2021 is not going to be too different from 2020. And there needs to be the understanding and preparedness for 2021. We couldn’t have been prepared for 2020, but now we’re prepared. We need to expect more of the same. I know a lot of companies are saying, no, hold your budgets, hold back. But I think that there does need to be an increased spend in security and we need to be able to advocate for that based on what we’ve seen. Based on the attacks we’ve seen, based on the work we’ve seen. And so, working with your workforce is going to become so much more important. If your people are not engaged- you’re going to lose productivity- you’re going to lose security. We must remember that the extreme stressors remain great. I’m probably more likely to click on a phishing email now than I was six months ago, because I have less time, less energy and less coffee.
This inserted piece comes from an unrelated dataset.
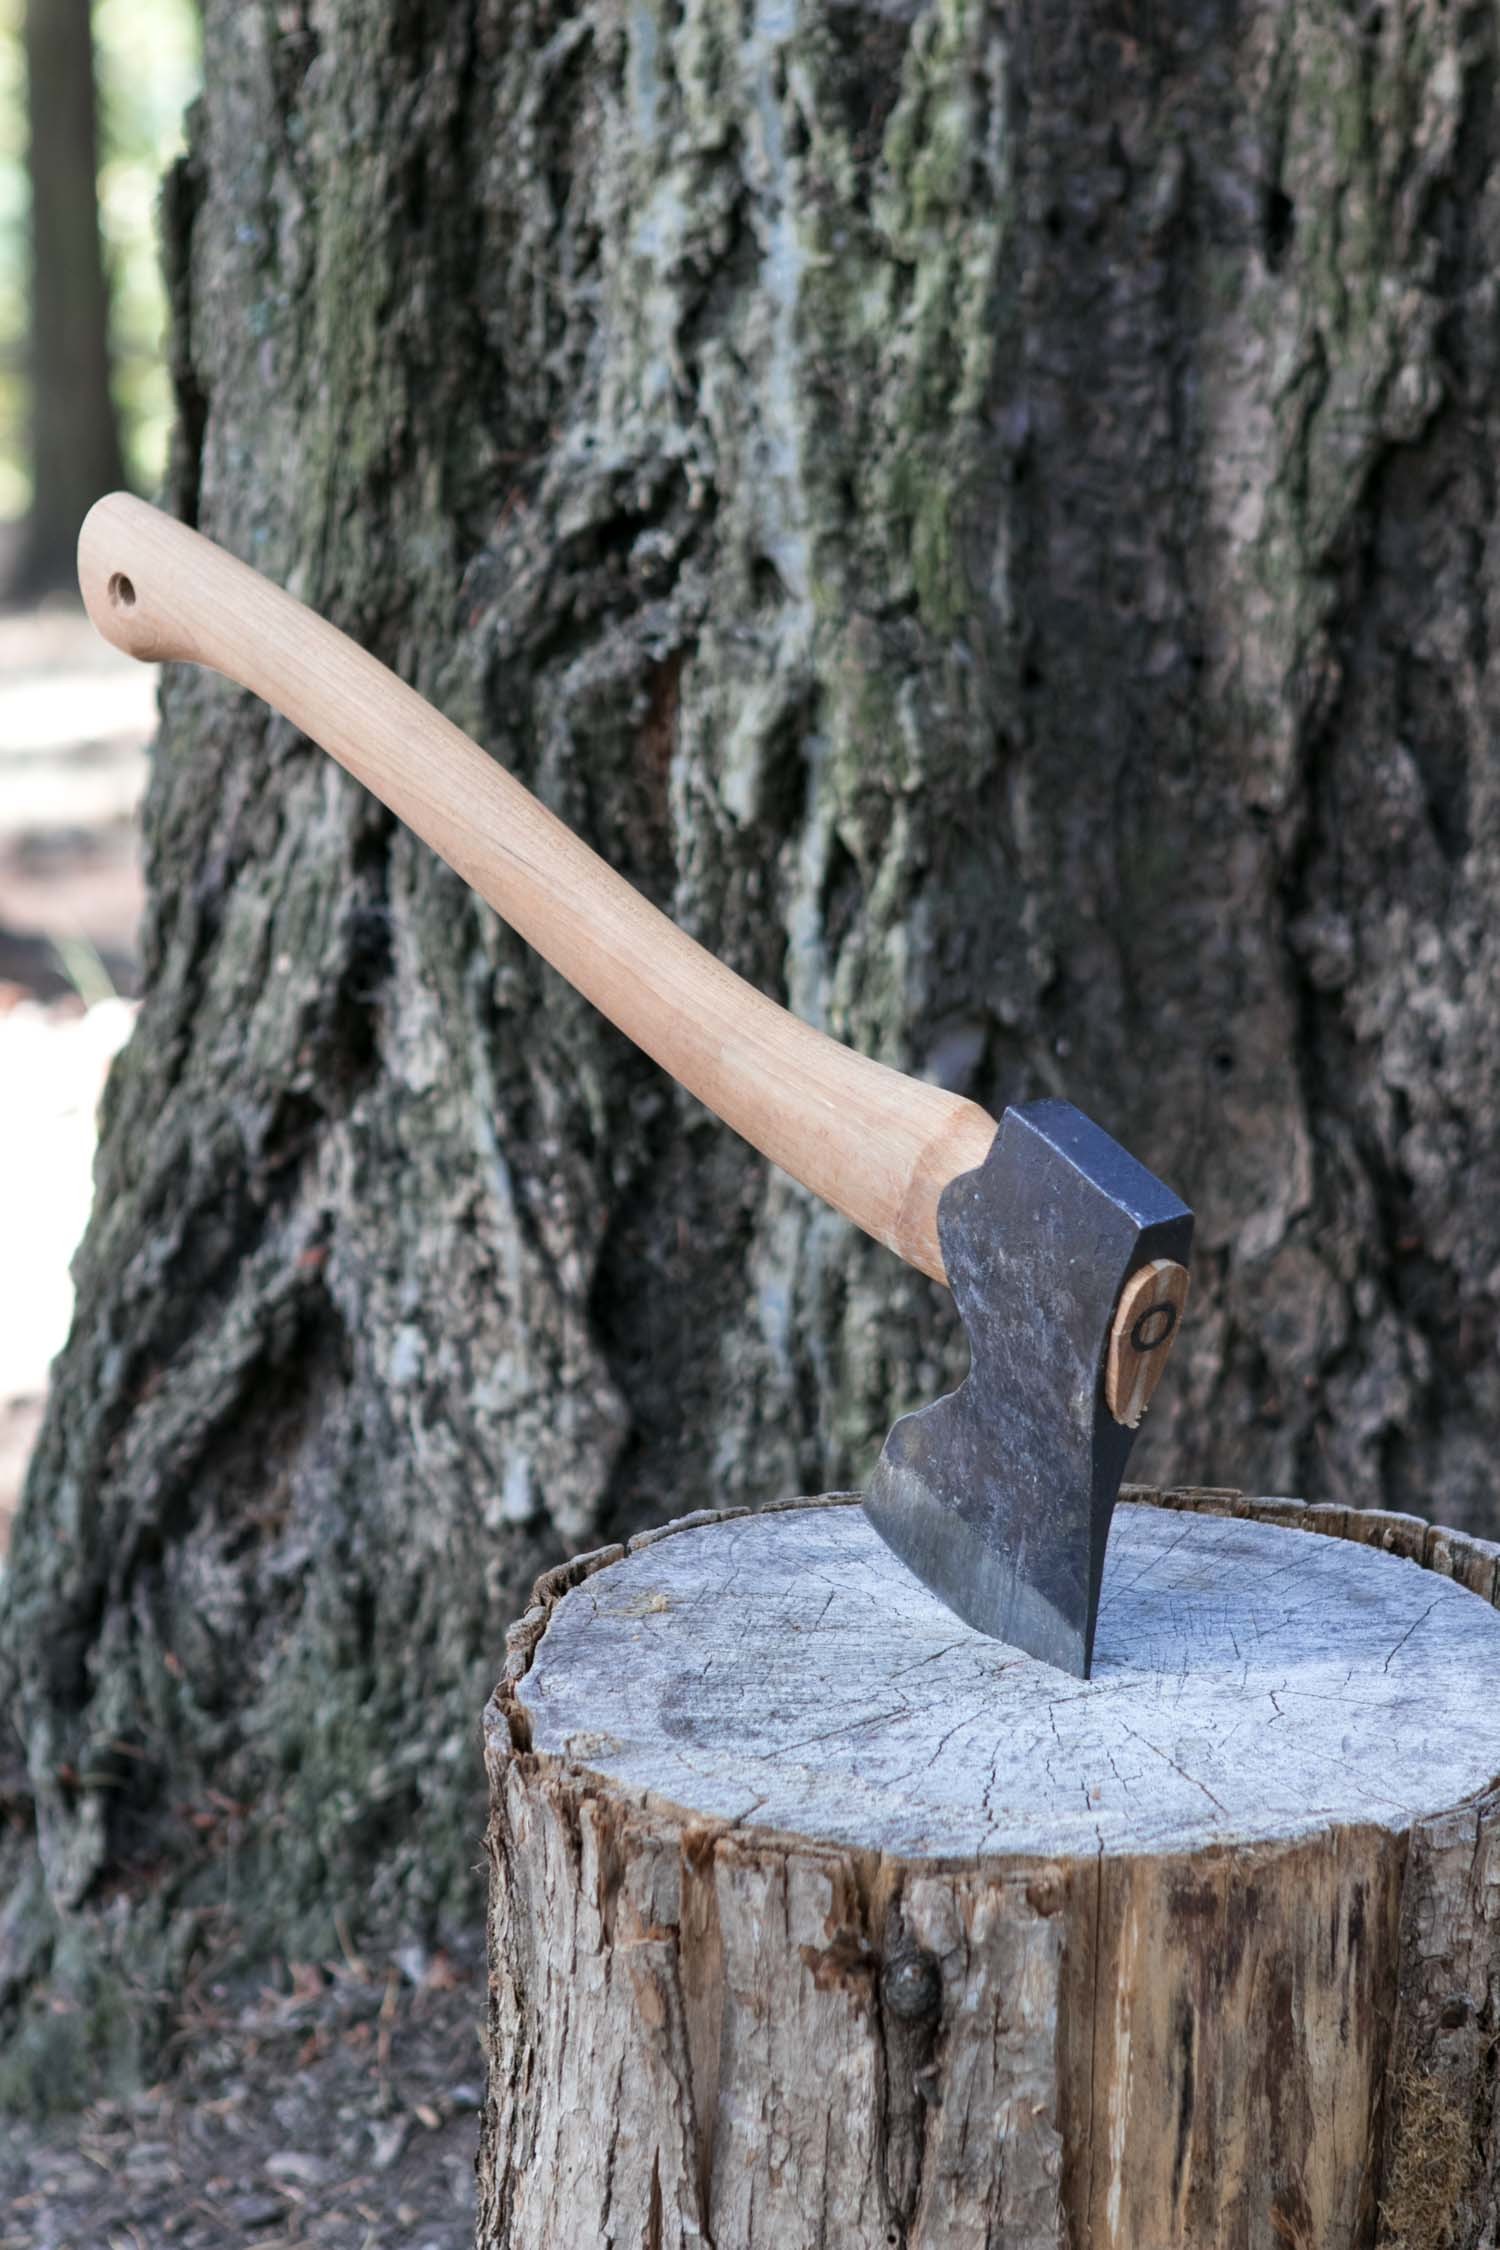 how to sharpen an axe
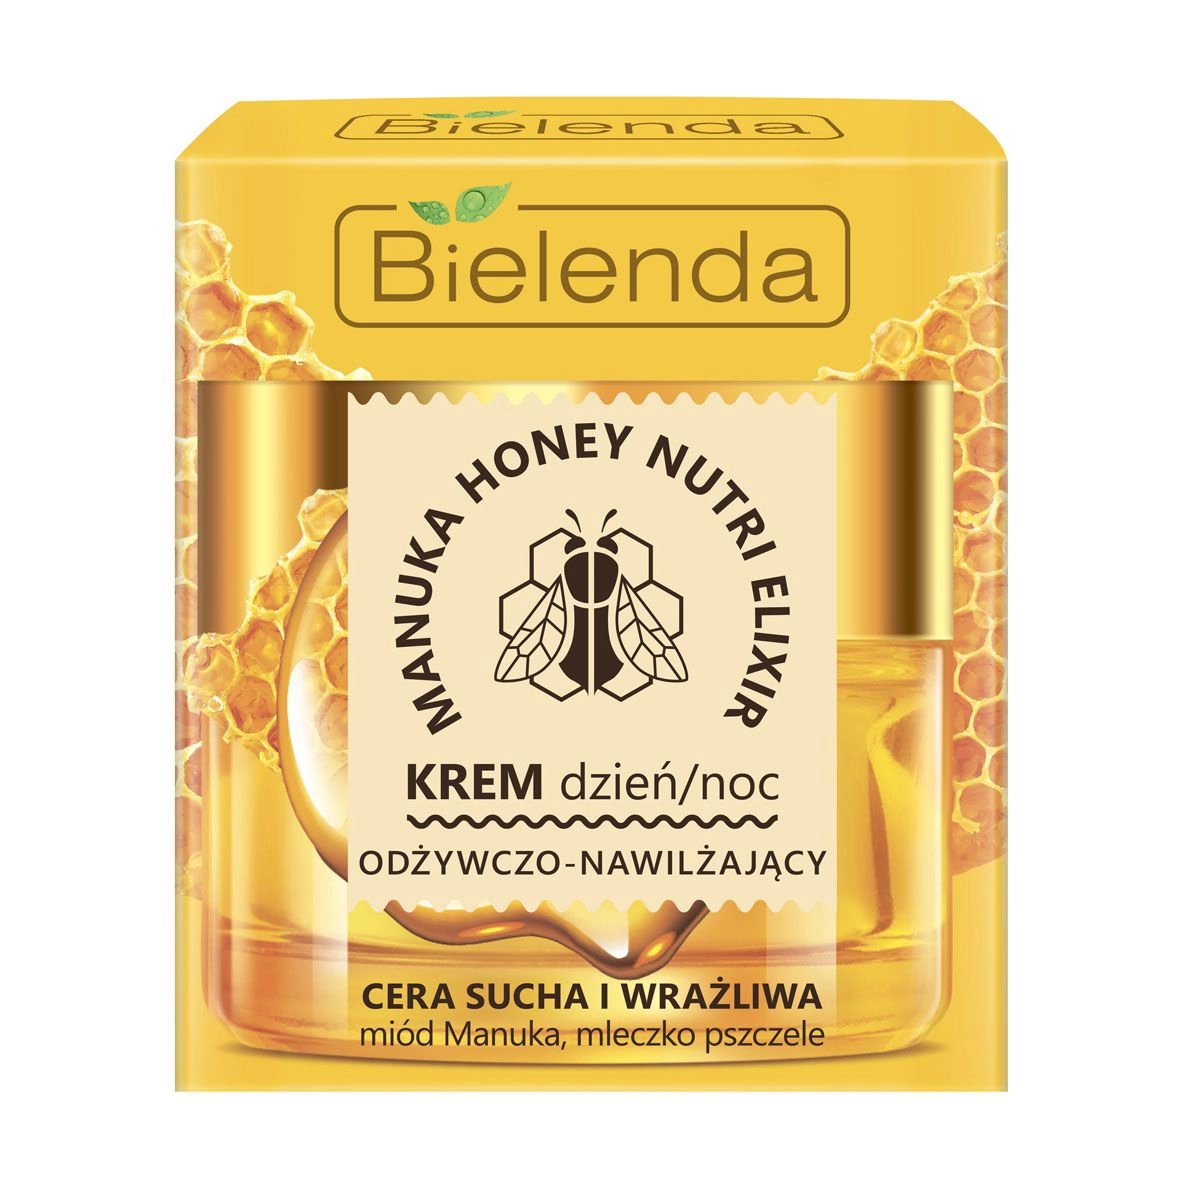 Питательный и увлажняющий крем для лица для сухой и чувствительной кожи - Bielenda Manuka Honey, 50 мл - фото N1

Call it security awareness, security psychology, security consciousness or whatever you’d like. No matter the moniker, your engagement can amplify their awareness. And capping the year with more engementen will pay dividends in the year ahead.

 

Business Enablement 

Lisa Tuttle, Chief Information Security Officer, SPX Corporation

Our focus is very much around customer experience. Where you used to have people sitting in an office, you had a more predictable experience. Now we’ve got all these people on home networks. If whatever we’ve got planned improves our user experience and our ability to conduct business, then we have to be thinking about that.

Most executives utilize the term user. Lisa uses the word customer. When positioned as a customer, the concept of business enablement becomes more clear. Consider the last thing that can be done this year to improve the user experience, enable more business all while improving the overall security of the enterprise.